Diese Fehler machen die Tarte unnötig schwer
Der Boden bleibt weich
Der häufigste Fehler ist, die Mandelcreme direkt auf rohen Teig zu geben. Die feuchte Füllung zieht in den Boden ein. Vorbacken und Abkühlen schaffen eine stabile Grundlage und lohnen sich besonders bei saftigen Früchten.
Die Mandelcreme läuft über
Die Creme sollte die Form höchstens zu zwei Dritteln füllen. Beim Backen geht sie leicht auf. Bei einer niedrigeren Tarteform reicht es, rund zehn Prozent weniger Mandelcreme zuzubereiten.
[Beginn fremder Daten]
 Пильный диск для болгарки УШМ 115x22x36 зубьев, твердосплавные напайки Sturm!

Die Früchte werden matschig
Sehr reife Birnen oder Pflaumen verlieren viel Flüssigkeit. Ich schneide sie deshalb erst kurz vor dem Belegen und tupfe besonders saftige Stücke mit Küchenpapier ab. Bei Kirschen ist gründliches Abtropfen entscheidend.
Lesen Sie auch: Calissons selber machen mit Mandel, Melone und feiner Glasur
Die Tarte wird zu süß
Früchte, Konfitüre und Mandelcreme bringen bereits reichlich Süße mit. Bei sehr reifen Birnen reduziere ich den Zucker in der Creme auf 80 bis 90 Gramm. Eine Prise Salz und etwas Zitronenschale halten den Geschmack im Gleichgewicht.
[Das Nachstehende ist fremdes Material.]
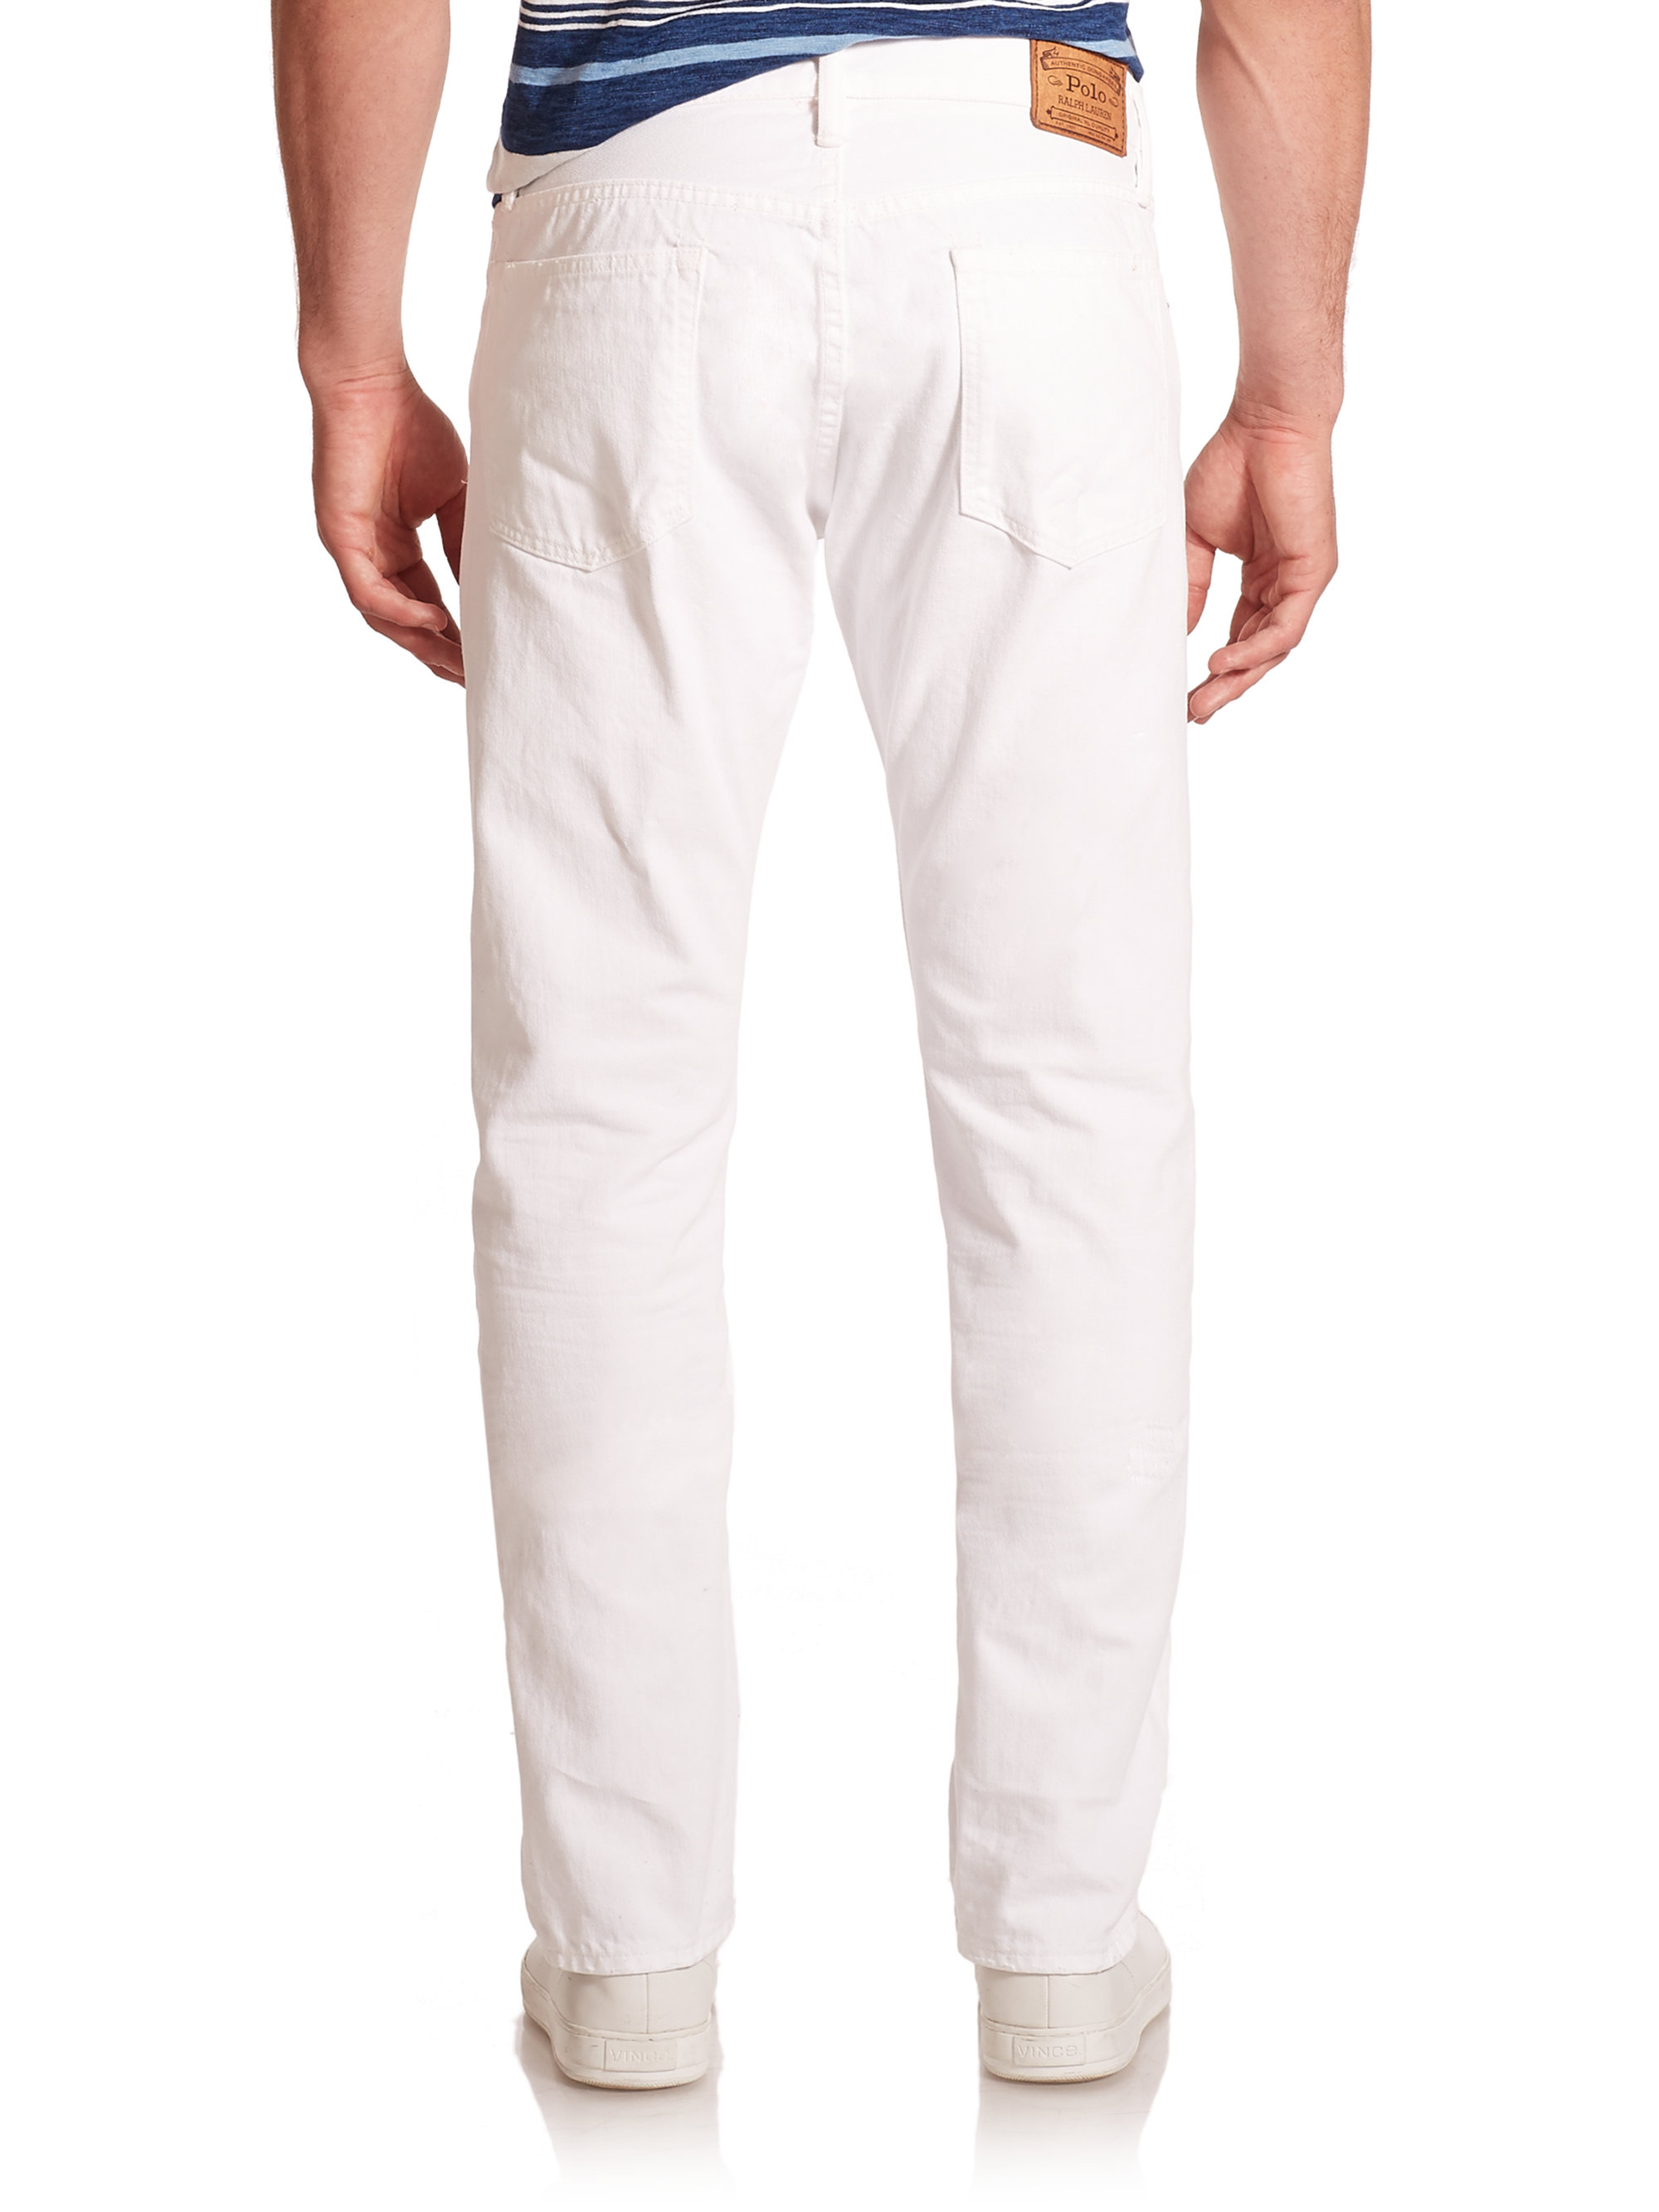 Lyst - Polo Ralph Lauren Varick Slim-straight Hudson Jeans in White for Men

Servieren und Aufbewahren ohne Aromaverlust
Die Tarte schmeckt lauwarm besonders weich, lässt sich aber erst vollständig abgekühlt sauber schneiden. Ich serviere sie gern mit einem Klecks ungesüßter Schlagsahne oder etwas Crème fraîche. Vanilleeis passt ebenfalls, macht das Dessert jedoch deutlich üppiger.
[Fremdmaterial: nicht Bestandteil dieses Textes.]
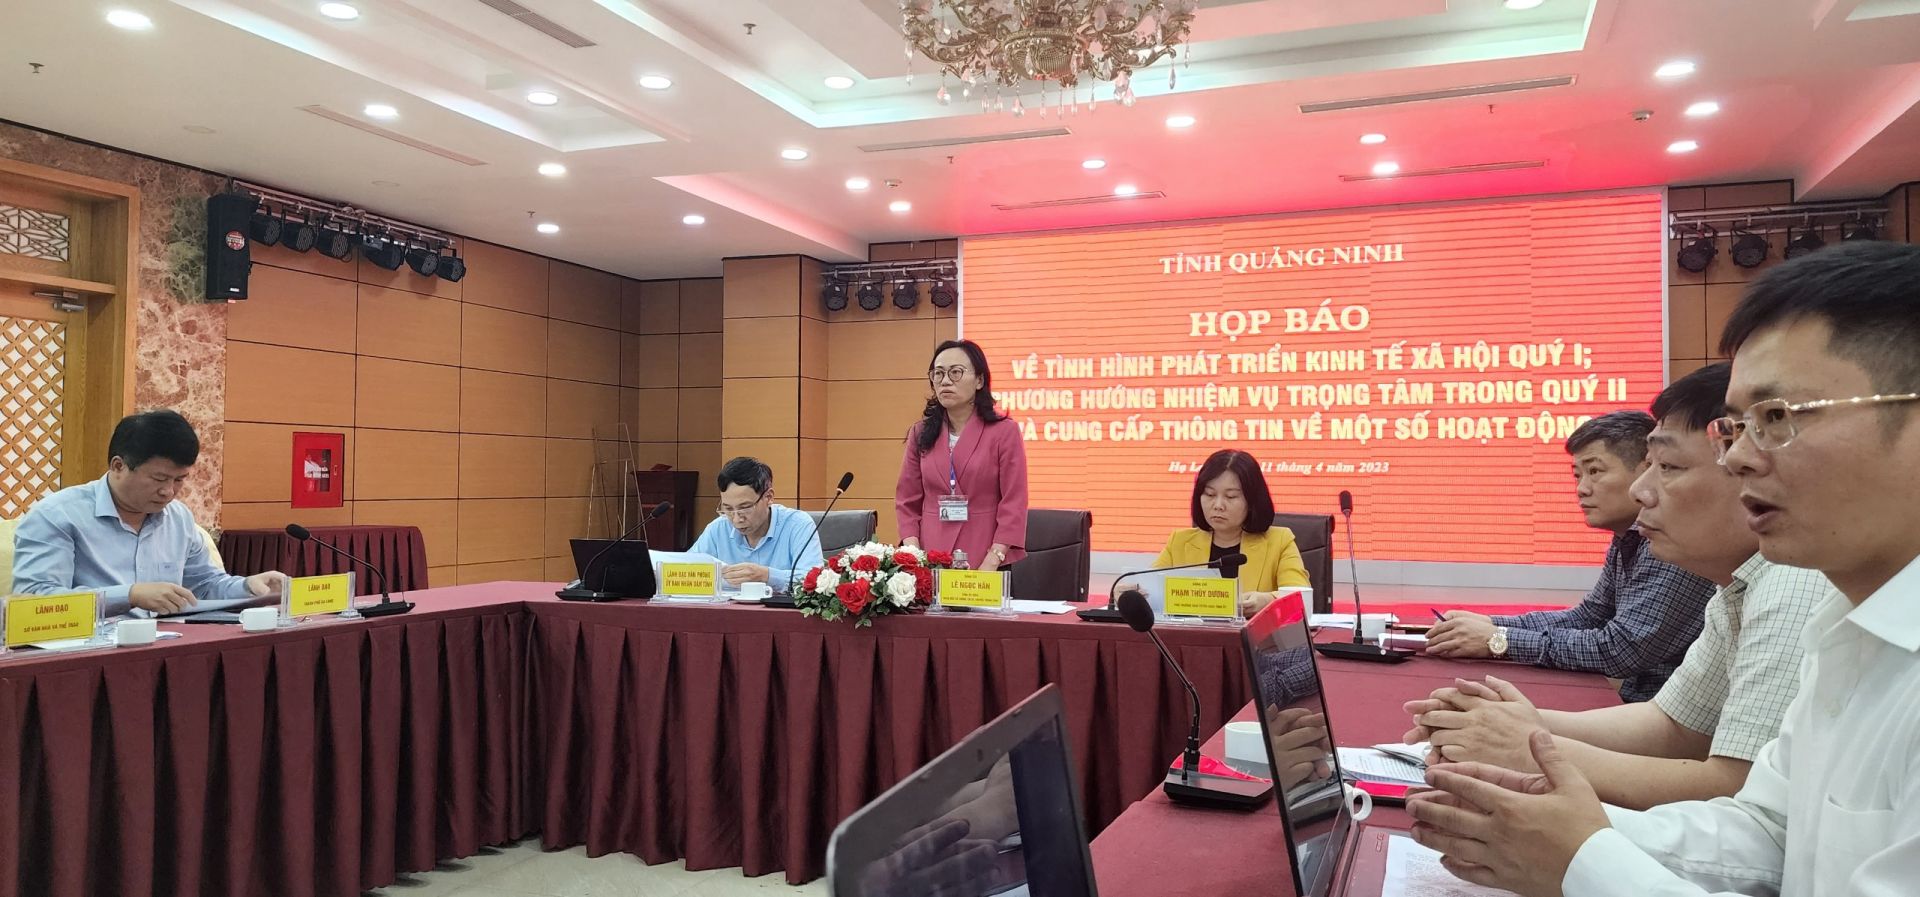 Đồng chí Lê Ngọc Hân, Tỉnh ủy viên, Giám đốc Sở TT&TT tỉnh, chủ trì cuộc họp báo thông tin một số nội dung quan trọng.

Bei Raumtemperatur hält sich die Tarte etwa einen Tag. Im Kühlschrank bleibt sie bis zu drei Tage frisch, sollte vor dem Servieren aber mindestens 20 Minuten temperieren. Der Boden wird nach längerer Kühlung etwas weicher, deshalb bewahre ich einzelne Stücke nicht luftdicht warm, sondern erst vollständig ausgekühlt auf.
Wer die Tarte vorbereiten möchte, backt sie am besten am Vortag und glasiert sie erst kurz vor dem Servieren. So bleibt die Oberfläche glänzend und die Mandelblättchen behalten ihren angenehmen Biss.
Der beste Amandine-Moment entsteht durch Kontrast
Für mich lebt dieses Dessert vom Zusammenspiel aus knusprigem Boden, weicher Mandelcreme und leicht säuerlicher Frucht. Mehr Gewürze oder Dekoration braucht es nicht. Wenn die Zutaten ausgewogen sind und die Tarte nicht zu lange im Ofen bleibt, wirkt sie französisch, aromatisch und erstaunlich unkompliziert.
Mein persönlicher Favorit bleibt die Birnenversion mit Zitronenschale und gerösteten Mandeln. Sie eignet sich für den Sonntagskaffee ebenso wie als Dessert nach einem mediterranen Essen und lässt sich mit wenigen Zutaten zuverlässig vorbereiten.